* Exercise directions
An exact copy of each line below is needed, with no images in it.

* Data shown
=-=-=

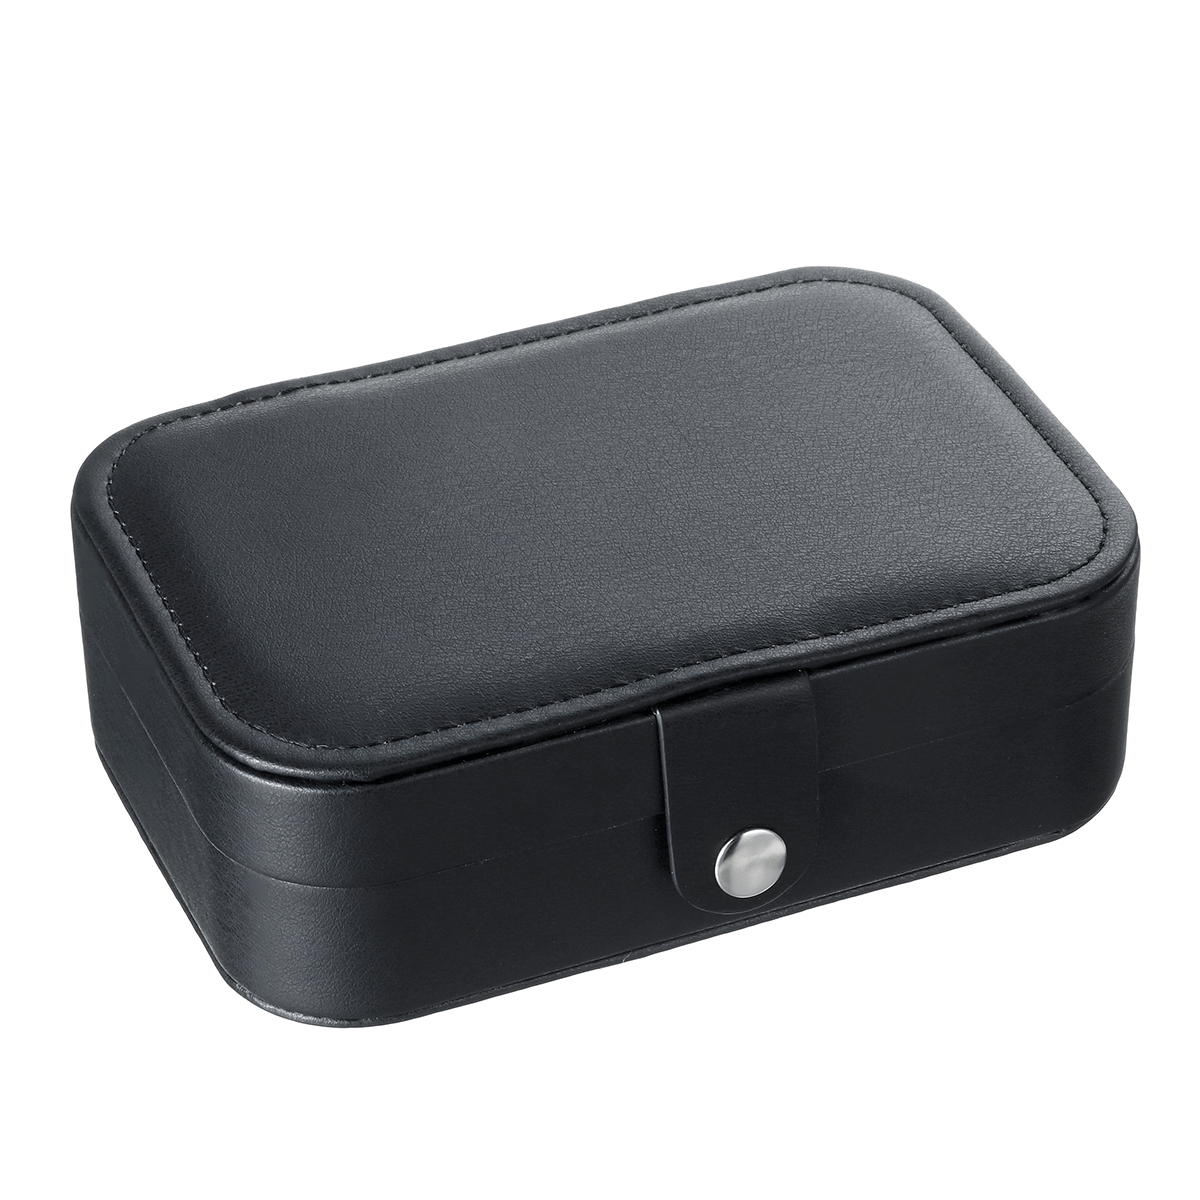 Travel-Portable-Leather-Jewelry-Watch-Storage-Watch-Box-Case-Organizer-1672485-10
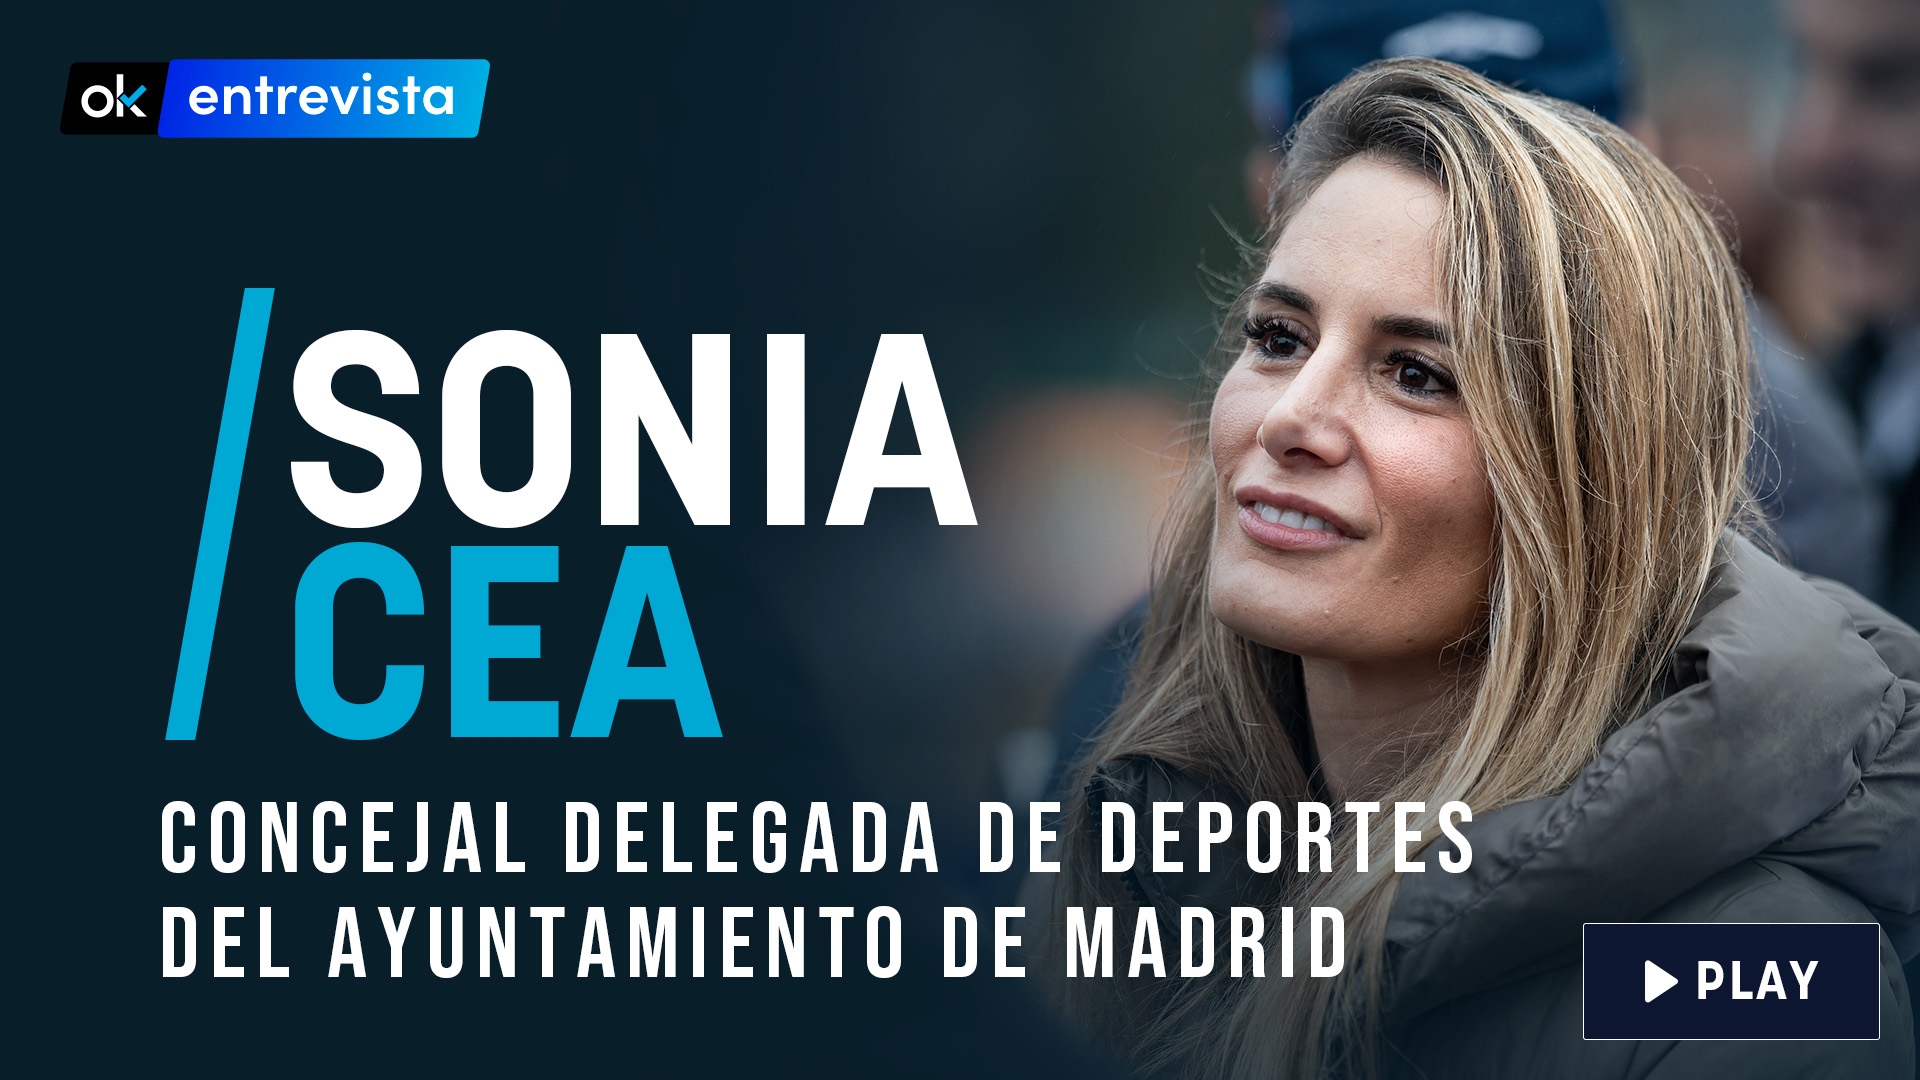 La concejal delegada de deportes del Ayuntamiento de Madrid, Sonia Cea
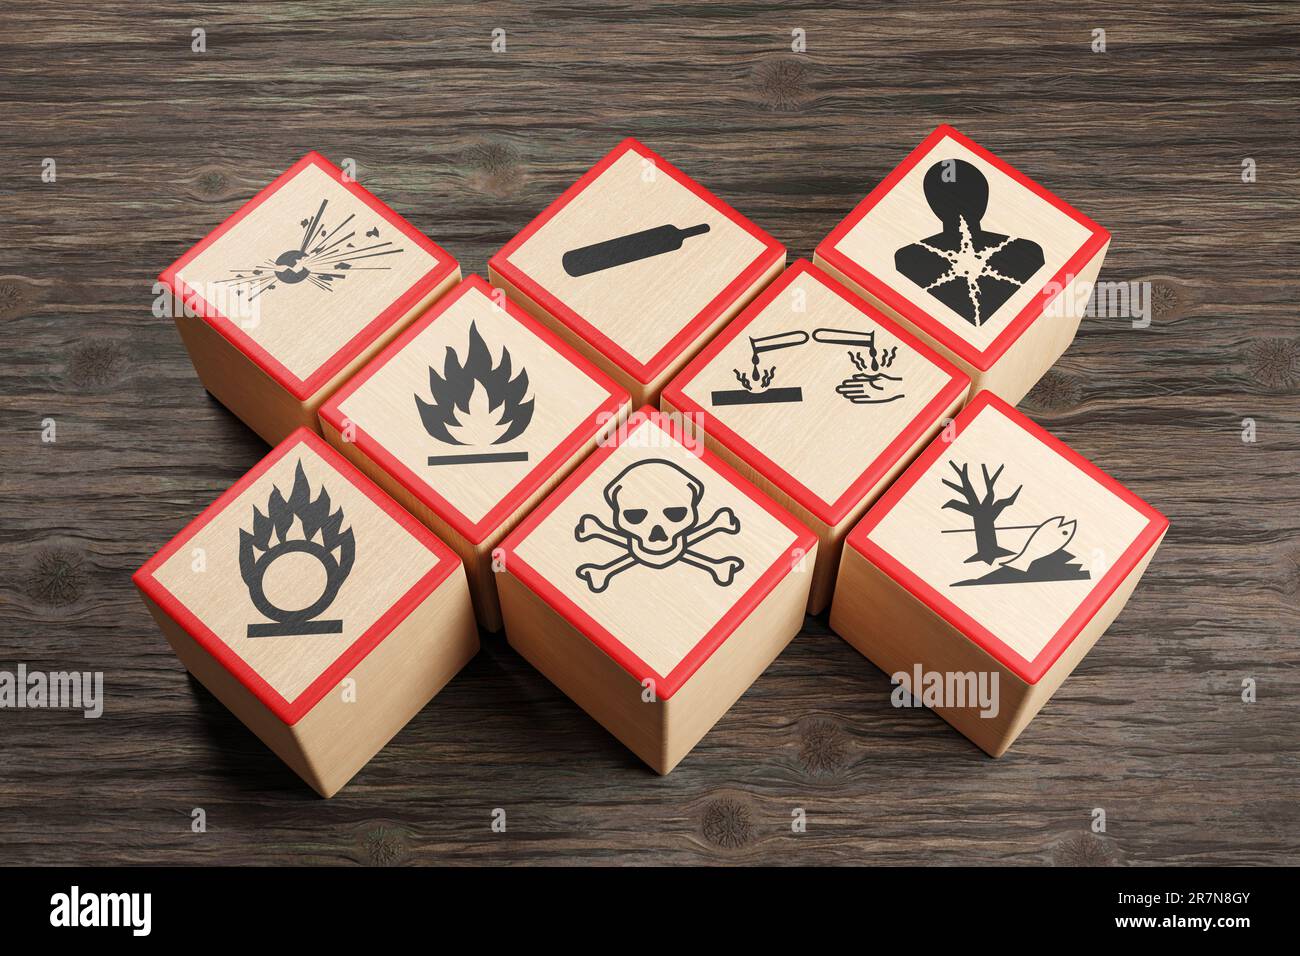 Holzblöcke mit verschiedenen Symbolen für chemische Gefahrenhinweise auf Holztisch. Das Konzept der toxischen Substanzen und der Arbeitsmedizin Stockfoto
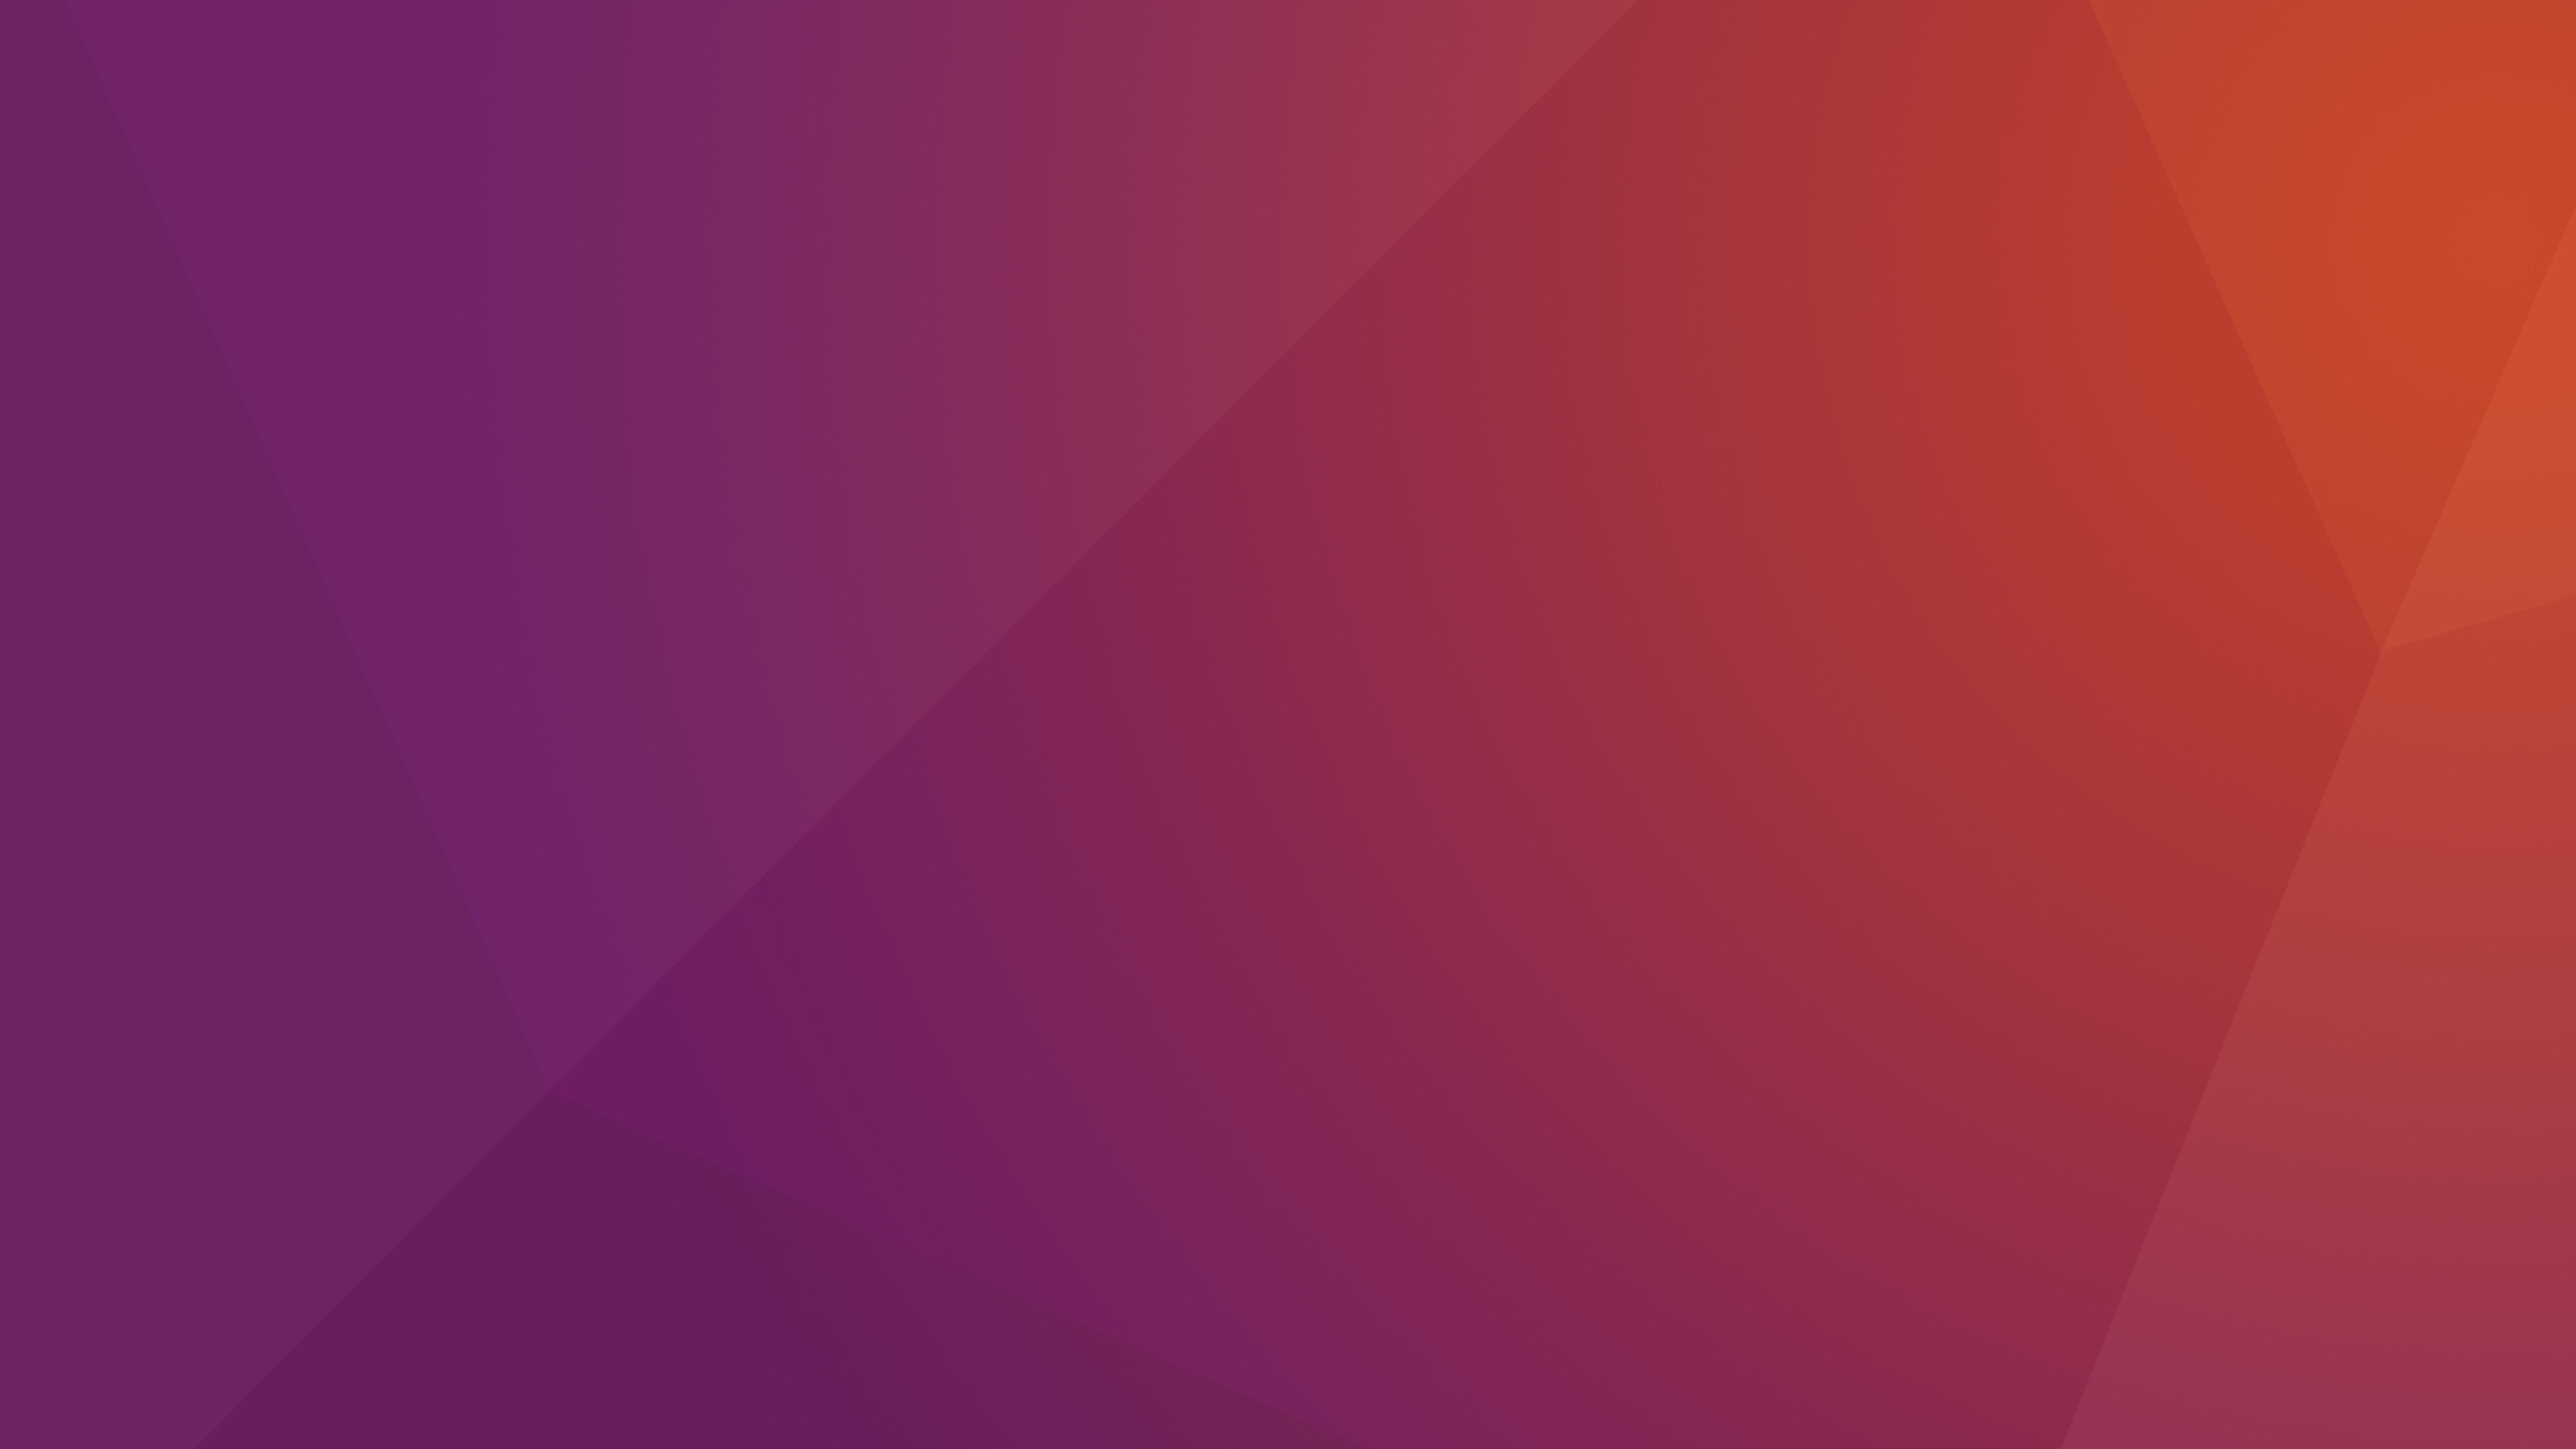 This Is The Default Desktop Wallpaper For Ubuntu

=-=-=

* Exercise answer
 Travel-Portable-Leather-Jewelry-Watch-Storage-Watch-Box-Case-Organizer-1672485-10
 La concejal delegada de deportes del Ayuntamiento de Madrid, Sonia Cea
 Holzblöcke mit verschiedenen Symbolen für chemische Gefahrenhinweise auf Holztisch. Das Konzept der toxischen Substanzen und der Arbeitsmedizin Stockfoto
 This Is The Default Desktop Wallpaper For Ubuntu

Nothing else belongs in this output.